Samrat Sahoo

Samrat Sahoo

Samrat Sahoo doesn’t want to be a politician.

Despite that, the Reedy High School rising senior wanted to participate in a program that postures itself after government operations.

Texas Boys State, an American Legion participatory program, allows high school students to become a part of their local, county and state government operations, according to the program website. Activities for Boys State programs, run by students elected to offices, include legislative sessions and court proceedings, according to the American Legion Website.

As Sahoo puts it, the program takes the current government’s structure and requires students to carry out regular government processes.

“The format on how we do the existing processes is decided by the boys,” he said. “So essentially, the structure and process are the same as reality, but the way we handle things there is independent of reality.”

While the program usually takes place in Austin, this year’s event took place on a virtual platform in light of the COVID-19 pandemic. The almost weeklong program took place during early June.

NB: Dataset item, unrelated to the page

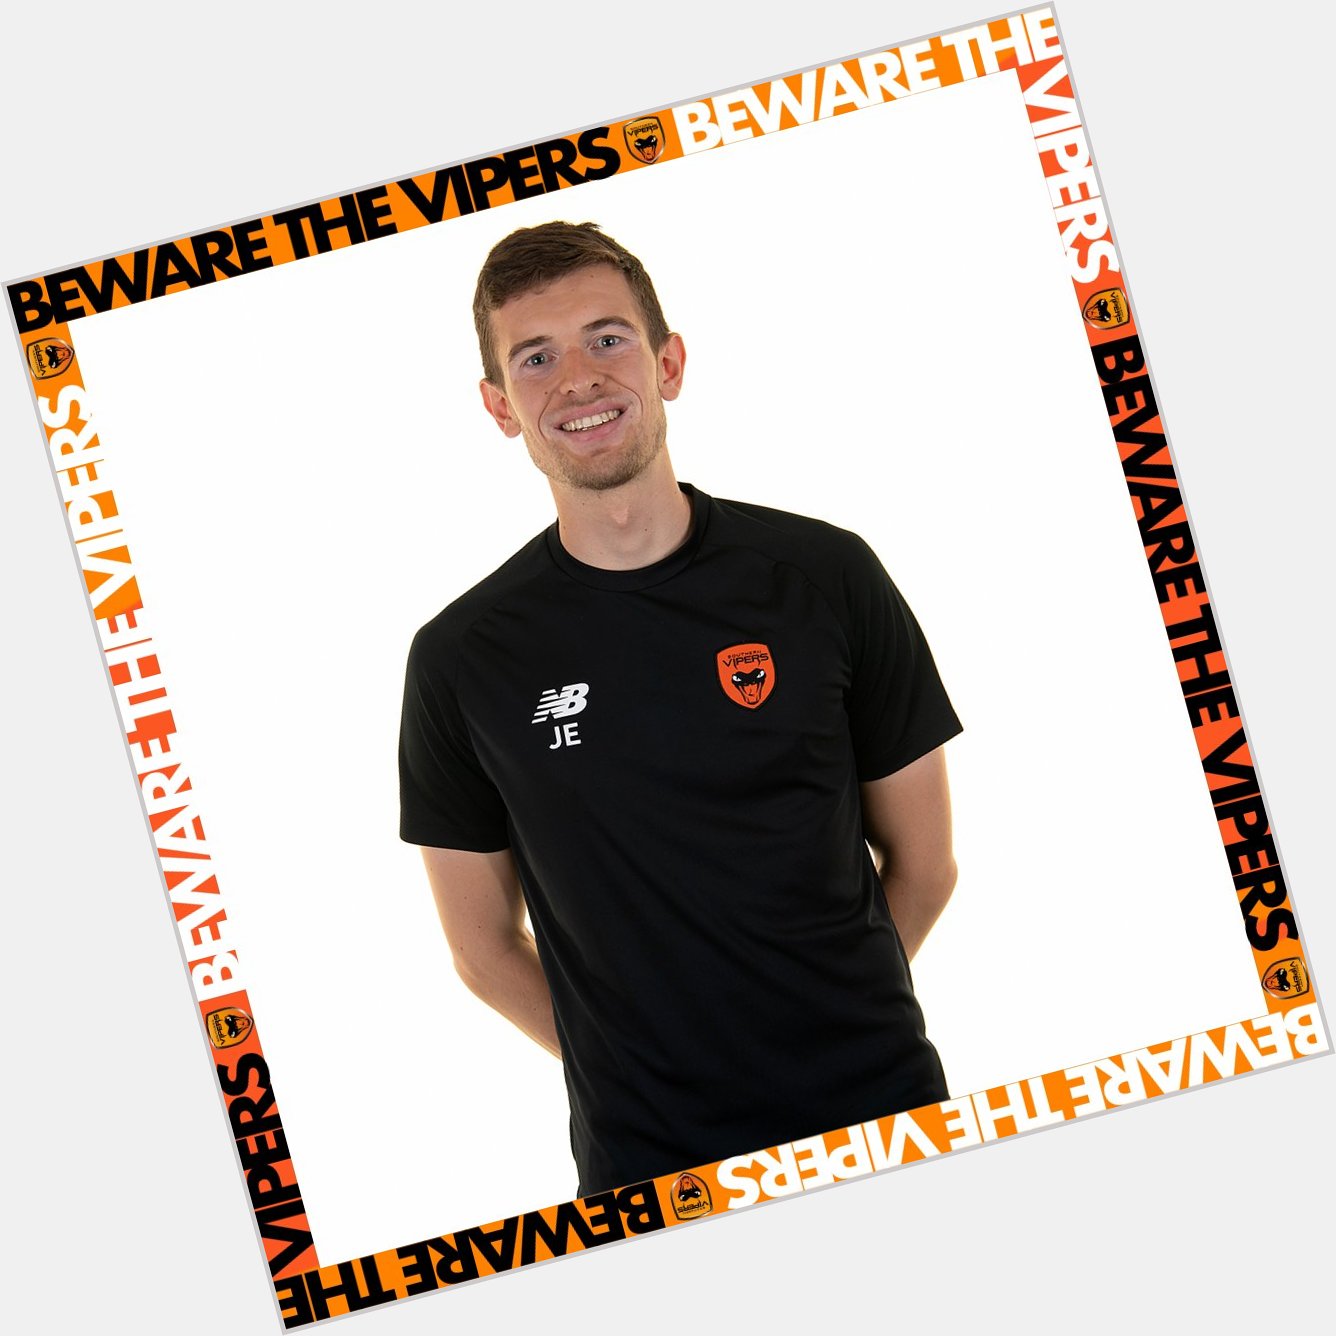 Happy 2  7  th birthday to our S&C coach, John Edwards Have a great day John!

When Sahoo wasn’t able to get nominated by his school, he reached out to a Legion post, which sponsored a different high school, he said.

“I contacted them directly and then they just interviewed me, and they said I was one of the strongest candidates,” he said.

As a result, Sahoo got to serve on the Rules Platform Committee at this year’s Texas Boys State. He was also appointed to the position of Texas Military Preparedness Commissioner on the program’s last day. For Sahoo, the most interesting part of the experience was that attendees had to give speeches for positions they wanted to get.

“Some speeches will translate really well in real life, but not as well on technology,” Sahoo said, “so we had to craft speeches that would translate well in technology so we would have a better chance of getting our positions.”

During the program, discussions covered modern issues including police brutality and the COVID-19 pandemic, Sahoo said, and he found himself faced with multiple viewpoints.

Of course, he wasn’t really there for politics.

“I'm actually more of a STEM person,” he said.

An aspiring entrepreneur in STEM (science, technology, engineering and math), Sahoo said he would mainly take away the leadership experience he got from the program and apply it to entrepreneurship.

“I would think that aspiring politicians would also be some of the best leaders, and so I felt that the Boys State would be a really good medium to meet some of those really good leaders and grab attributes from their leadership style that I can apply to myself,” he said.

He said the experience allowed him to open up and be accepting of other ideas.

“That's really essential,” he said, “because when you're a leader, you have to work on a team and you have to consider all of the viewpoints of other team members and what they feel.”

After participating in the program, Sahoo said he hopes to take what he saw at Texas Boys State, particularly from skilled public speakers, and figure out how to apply it.

“I know if you mix the leadership qualities of politicians and put them into entrepreneurship, I guess you have a lot higher chance of success, just because you have that charisma,” he said.